Recent LLM agents benefit from skills for solving complex tasks. Skills encapsulate modular packages of procedural knowledge and instructions for performing specialized tasks, such as setting up a sandboxed environment, running a test suite, or refactoring a function across multiple files. As skill libraries grow and become reusable across tasks and domains, selecting an appropriate skill composition has emerged as a central bottleneck. Existing approaches fall into two categories: one exposes the agent's reasoning to the entire skill collection; the other performs skill retrieval via embeddings or LLM-based rerankers. Both provide useful insights; however, they miss the structural nature of skill composition, which is a joint decision over which skills, how many, and in what order—three dimensions that cannot be decoupled. We formalize this as structured skill composition: given a task and a skill library, predict an executable skill plan that jointly specifies the activated subset, count, and execution order. We propose SkillComposer, which instantiates structured skill composition as task-conditioned skill sequence prediction. SkillComposer uses a constrained autoregressive decoder over skill identifiers, so subset, count, and order emerge jointly from a single decoding pass, and dependencies between successive skills are captured naturally. We build a training set of task–composition pairs from a real, human-curated skill library, and evaluate SkillComposer along two axes: composition quality on a held-out test set, and downstream task success on SkillsBench across two production-grade coding agents. On {GPT-5.2-Codex, Gemini-3-Pro-Preview}, SkillComposer raises the pass rate by {+23.1, +18.2} pp over the no-skill baseline, surpassing top-3 retrieval and matching the gold-skill retrieval upper bound at lower prompt-token cost.

Contributions

SkillComposer reframes inference-time skill use as a structured prediction problem over a fixed, reusable skill library.

Structured Composition

We formalize inference-time skill use as a structured prediction problem: the output plan jointly determines which skills to activate, how many are needed, and in what order they execute—three coupled dimensions that retrieval and direct reasoning leave implicit.

Library-Grounded Data

9,872 task–composition records over a real, human-curated 196-skill library. Starting from real task-composition seeds, we build a skill dependency graph and use layered synthesis with quality filtering for both single-skill grounding and dependency-aware multi-skill chains.

Generative Composer

A task-conditioned constrained autoregressive decoder over skill identifiers. Auxiliary cardinality and set-membership heads, plus a retrieval-augmented decoding prior, unify subset, count, and ordering while guaranteeing every output is an executable library skill.

Method

SkillComposer encodes the task–library context with a frozen retrieval-tuned encoder, then decodes a variable-length, ordered sequence of skill indices—fusing retrieval and set-membership priors into the decoder logits at inference time.

Key Results

Across two production-grade coding agents, better composition predictions translate into better agent execution—at a smaller prompt budget than retrieval or flooding the context.

+23.1

pp pass-rate gain on GPT-5.2-Codex over the no-skill baseline

+18.2

pp pass-rate gain on Gemini-3-Pro-Preview over the no-skill baseline

3.9M

trainable parameters — ~154× fewer than the 600M SFT baseline

+19.3

pp Set F1 over SFT on held-out real tasks under distribution shift

Composition is structural, not just selection. A ranked list does not say how many skills to use or in what order. SkillComposer resolves subset, count, and order jointly in one decoding pass, capturing dependencies between successive skills.
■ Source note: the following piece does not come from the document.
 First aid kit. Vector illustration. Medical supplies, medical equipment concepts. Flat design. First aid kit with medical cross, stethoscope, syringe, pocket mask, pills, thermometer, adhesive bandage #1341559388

A small specialist beats a big generalist under shift. With only 3.9M trainable parameters, SkillComposer matches a 600M SFT model in-distribution and beats it by +19.3 pp Set F1 on held-out real software-engineering tasks—SFT memorizes the synthetic template and collapses.
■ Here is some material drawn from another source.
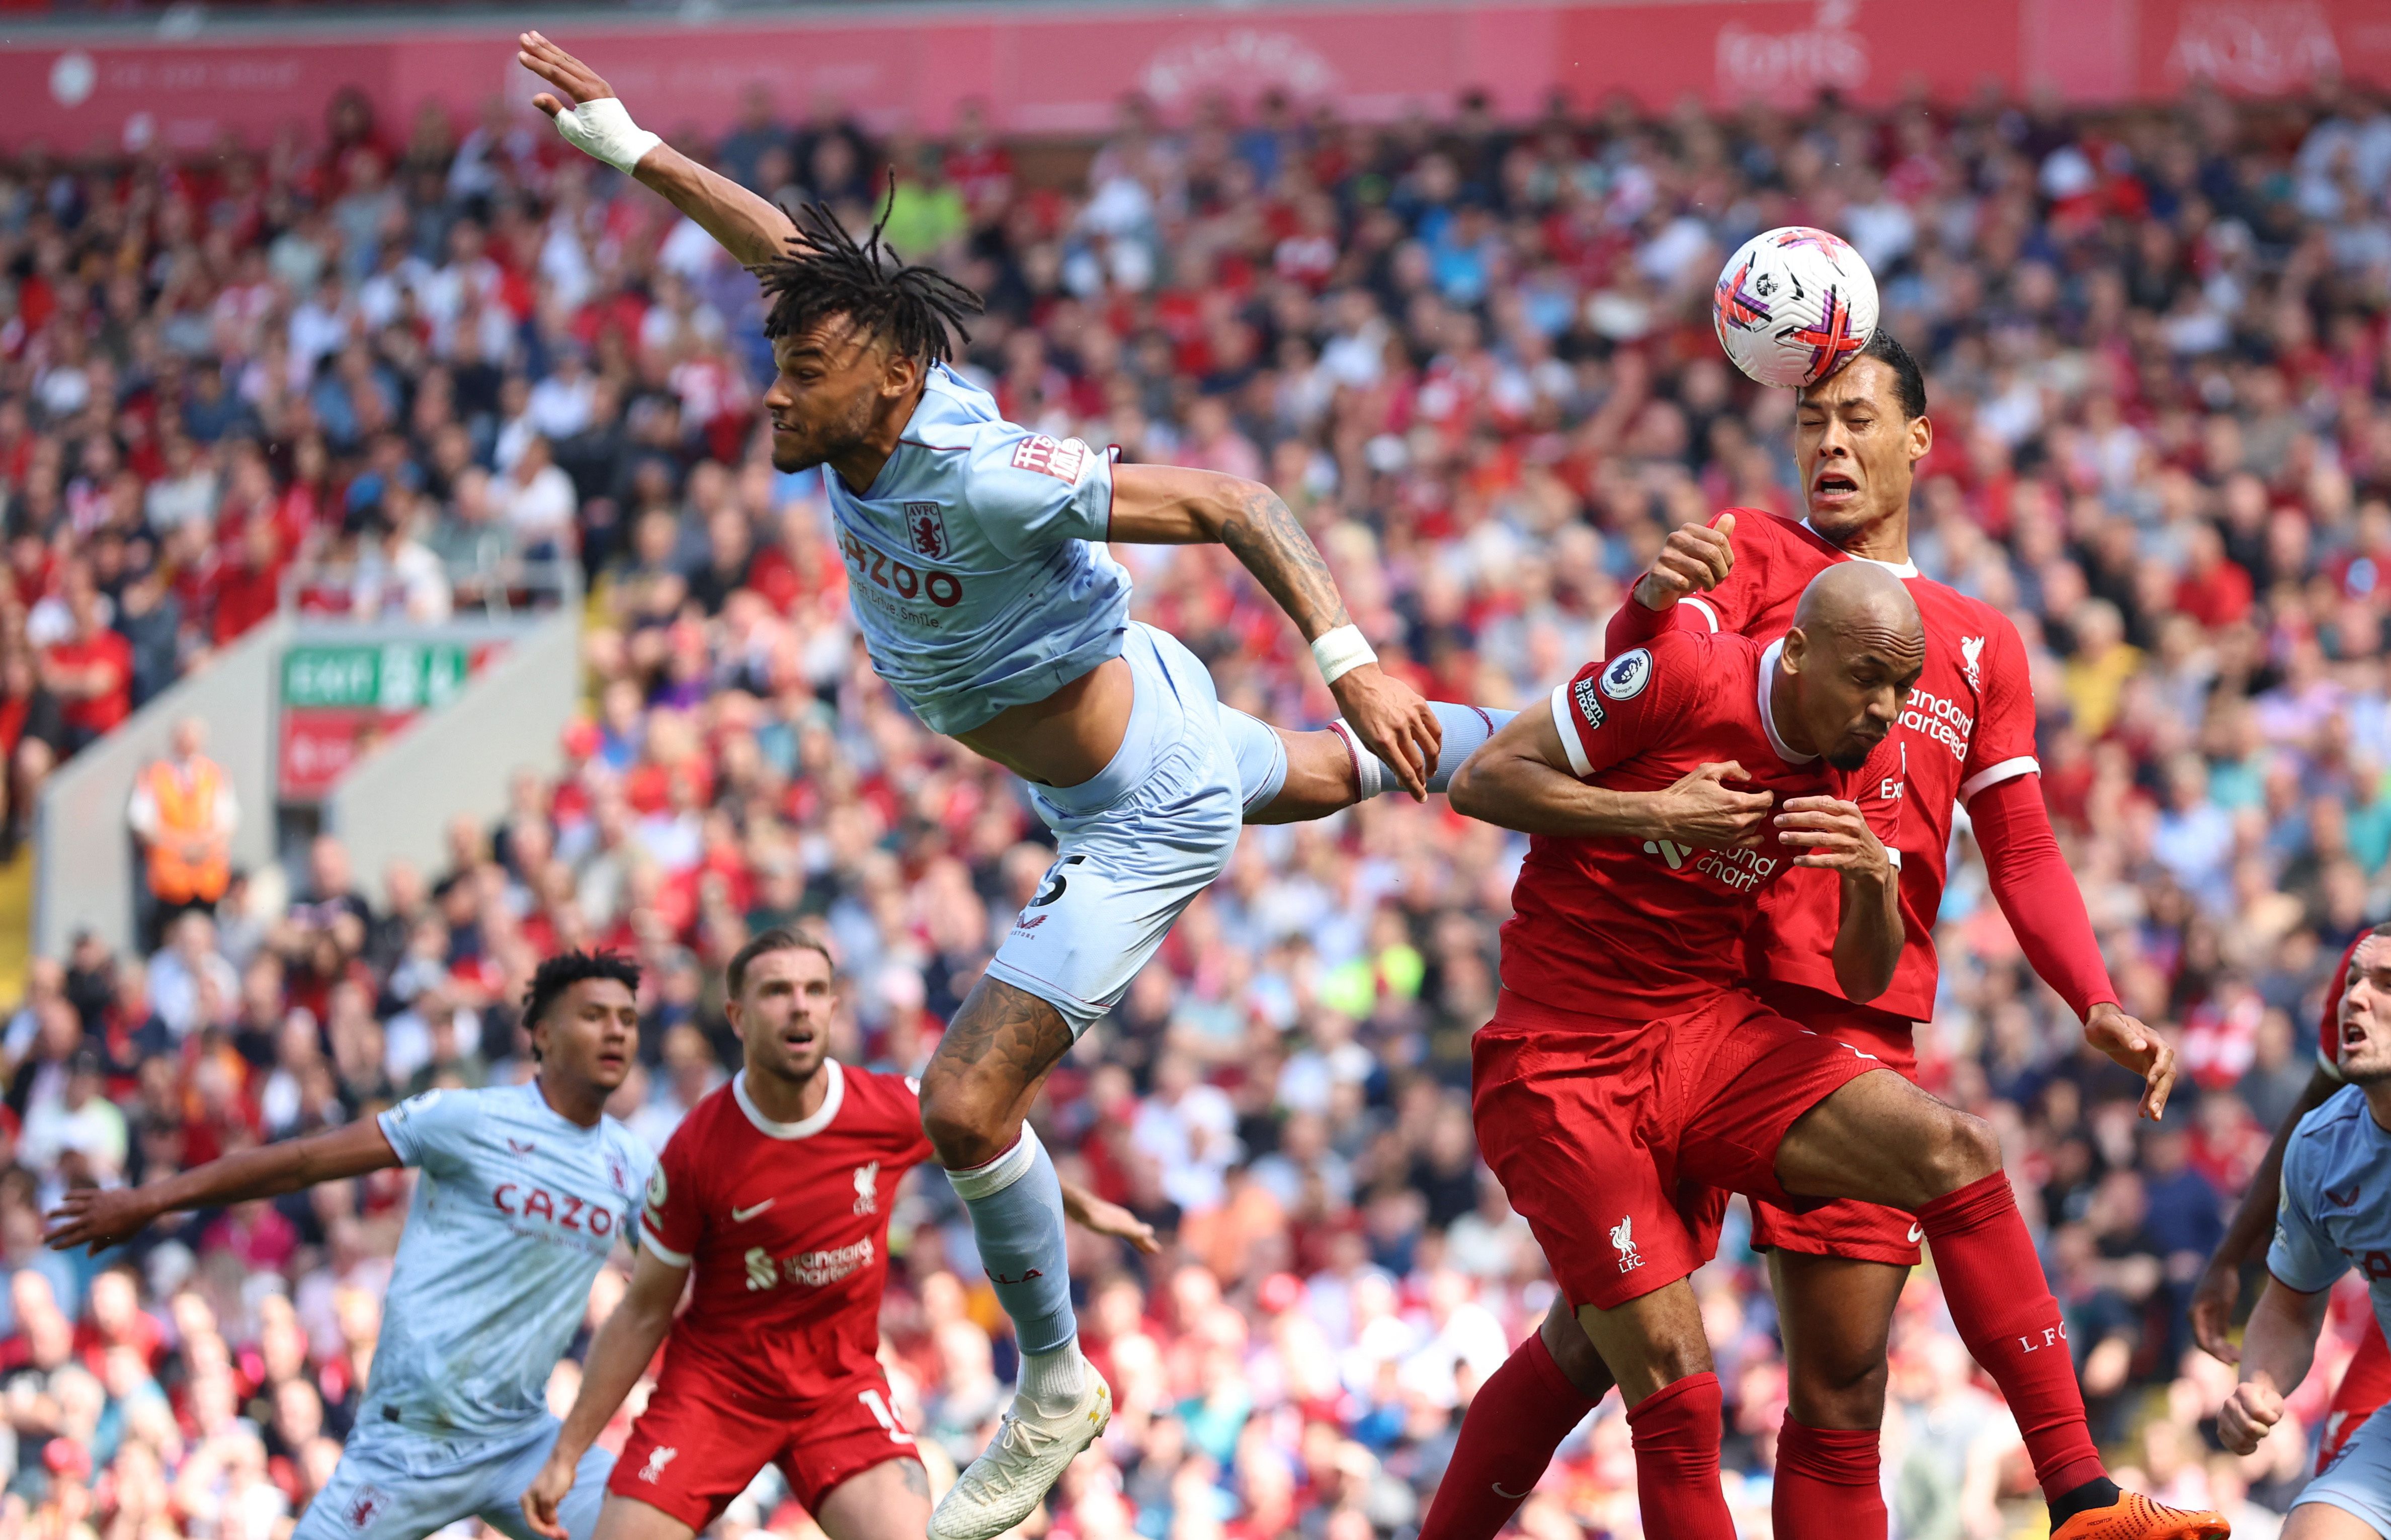 Aston Villa's Tyrone Mings in action v Liverpool

Better plans translate to better agents. Upstream composition gains carry through to execution: +23.1 / +18.2 pp pass rate on {Codex, Gemini}, closing roughly 80% of the headroom to the gold-skill upper bound.

Accuracy at a lower token budget. SkillComposer matches or exceeds oracle retrieval while using the smallest prompt budget among skill-loaded conditions (1.03M Codex tokens). Flooding the context with all 196 skills recovers little and inflates the prompt to 1.27M tokens.

Downstream pass rate on SkillsBench (75 tasks, 3 attempts each) across two production-grade coding agents. **Tok.** is the average input prompt tokens per non-errored trial. *Gold Skills* is the oracle upper bound; best non-oracle pass rate in **bold**.
Skill condition	GPT-5.2-Codex		Gemini-3-Pro
Skill condition	Pass (%) ↑	Tok. ↓	Pass (%) ↑	Tok. ↓
Gold Skills (oracle)	51.1	1.12M	48.4	1.18M
No Skills	22.2	0.94M	25.8	0.99M
All Skills	29.3	1.27M	38.7	1.33M
Retrieval (top-3)	44.0	1.09M	41.8	1.14M
SkillComposer (ours)	45.3	1.03M	44.0	1.08M

Analysis

SkillComposer is Pareto-optimal among predicted-k methods and is most robust exactly where over-emitting skills is most costly.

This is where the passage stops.